Afterward, Townsend would return to his condo, where he would text Talia to complain about another late night in the office. With that throaty laugh and that sexy little hip tattoo, Amanda had him under her spell—and for a short time, Townsend genuinely believed he could have his cake and eat it too.
His critical error: inviting Amanda to spend the night at his place, all the while knowing Talia had the key code and could appear at any moment. It was a Saturday, just about a week before Christmas, when she caught them naked in his bed, and the look of betrayal on Talia’s face is a memory he’ll never be able to erase.
Still, as mortifying as it was, Townsend felt an initial sense of relief. At least now he could be with Amanda without sneaking around.
He should have known the universe wouldn’t be so kind as to let him get away scot-free.
Amanda didn’t change overnight; he would have noticed that. Instead, she sunk her claws in bit by bit, so slowly that he felt little more than a pinch. Their nights of weed and burritos and sex at her place turned into expensive dinners out and sleepovers at his, where she would hang around watching TV and eating his snacks until well pastnoon the next day. She’d steal his Canali dress shirts to wear, then return them stained with orangey makeup. When he bought her a mini woven leather tote from Bottega Veneta for their one-month anniversary, she asked if he could exchange it for the larger version.
Things really took a turn around Valentine’s Day, when Townsend treated Amanda to an expensive prix fixe at Jeffrey’s. After leaving his condo the next morning, she posted a photo from the restaurant on Instagram (and he recognized the image well, as she’d spent half the dinner coaching him on how to take it). Though he wished she hadn’t tagged him, the caption was innocuous enough ... but then the messages through Cuff started.
This feels like the beginning of forever.
I’m so fxcking in love with you.
Do you feel it too? What I feel for you?
When they first started seeing each other, Townsend had been reluctant to give Amanda his number. It seemed too risky. What if Amanda called or texted him and Talia saw? So they kept their messages to Cuff—the irony of which was not lost on Townsend. But he’d heard Talia wax on about the app’s security and encryption protections enough times to trust that his communications with Amanda would remain private.
Even after Talia was gone and there was no need for cloak-and-dagger measures anymore, they continued to chat mainly through Cuff, mostly out of habit. But also because Amanda was always losing her phone and never remembered to back up her contacts.

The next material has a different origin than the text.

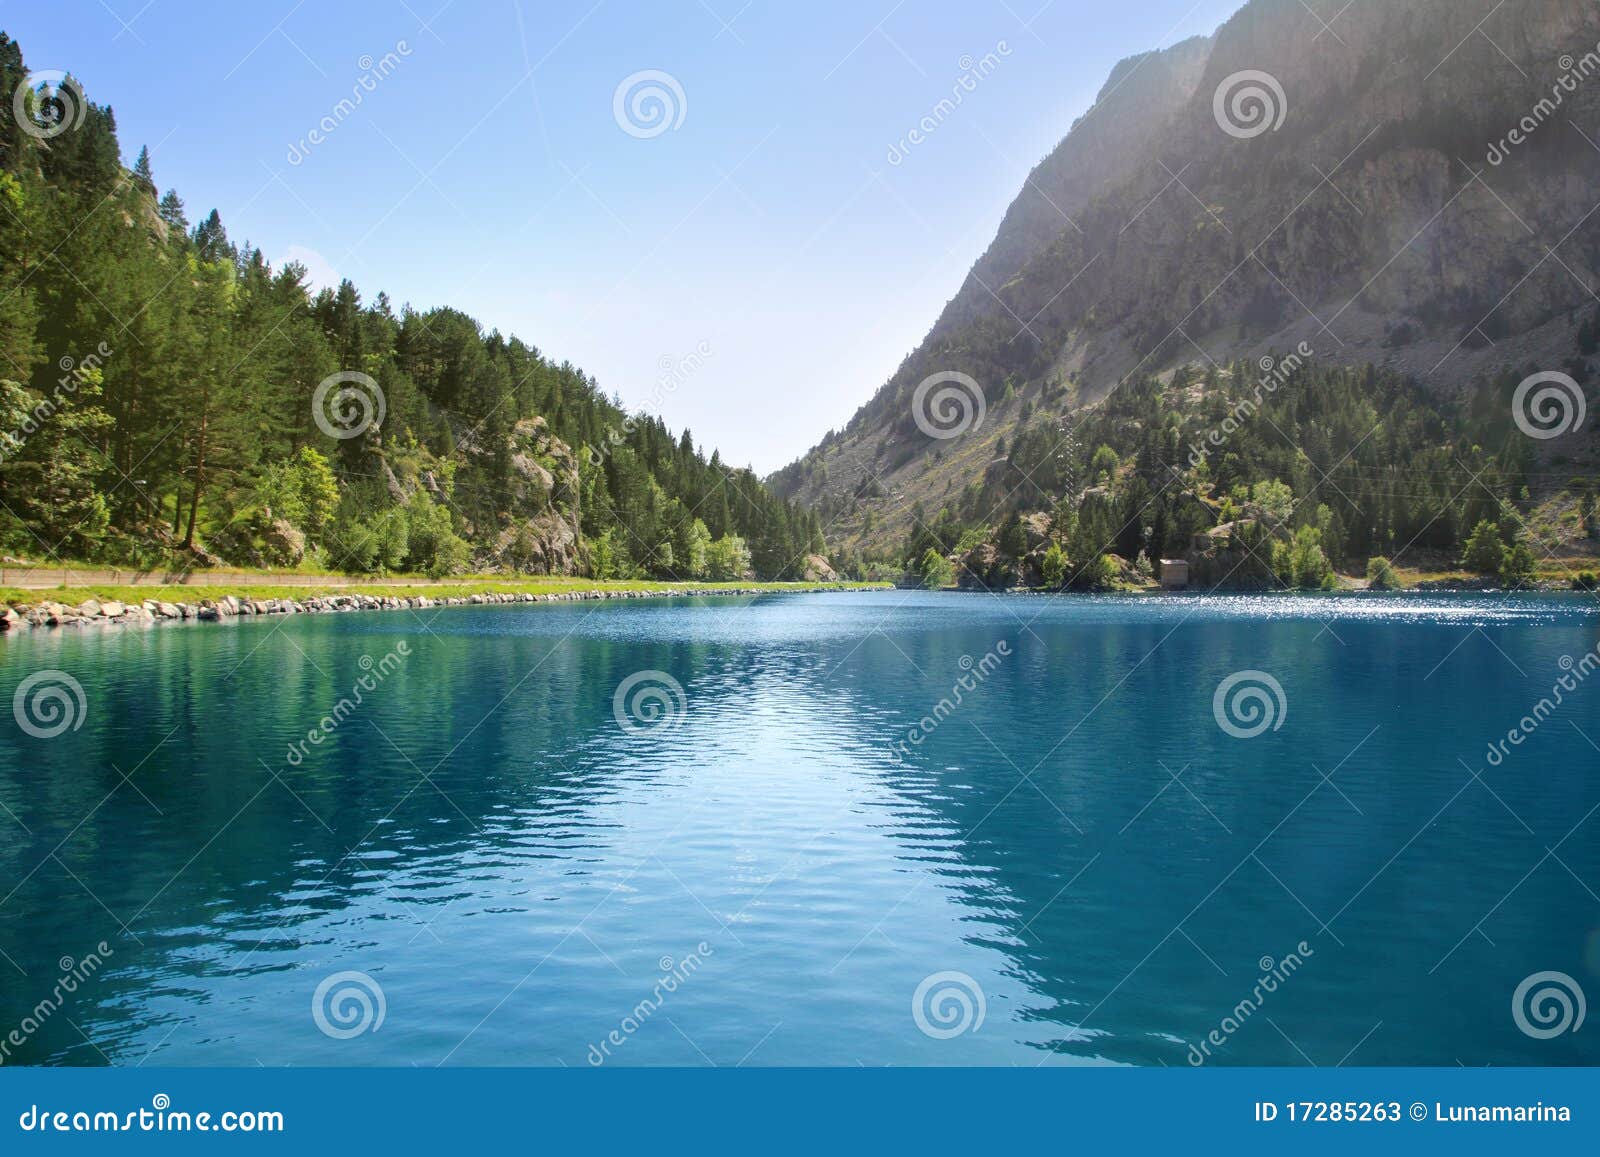 panticosa balneary lake pyrenees huesca

Sometimes, she’d trick him into believing she was still the chill, free-spirited woman he once believed her to be. They’d hang out, Amanda letting herself in with the key code that he only ever shared before with Talia. They’d lay on the couch, fool around a little. Maybesmoke a joint. It seemed totally normal. But then she’d go home and send him messages on Cuff, asking crazy shit like what they should name their future children.I want to have five kids,she wrote once,and I want them all to have your eyes.It started out slowly, just one or two messages a day, but then she started to send them more frequently, and they became increasingly more intense. She wanted them to grow old together. She wanted to know if he believed in soulmates.
The final straw came the first weekend in March. That Sunday afternoon, she showed up without invitation, as usual, and surprised him with a fantastic blow job. Then she invited him to spend the summer with her in Europe.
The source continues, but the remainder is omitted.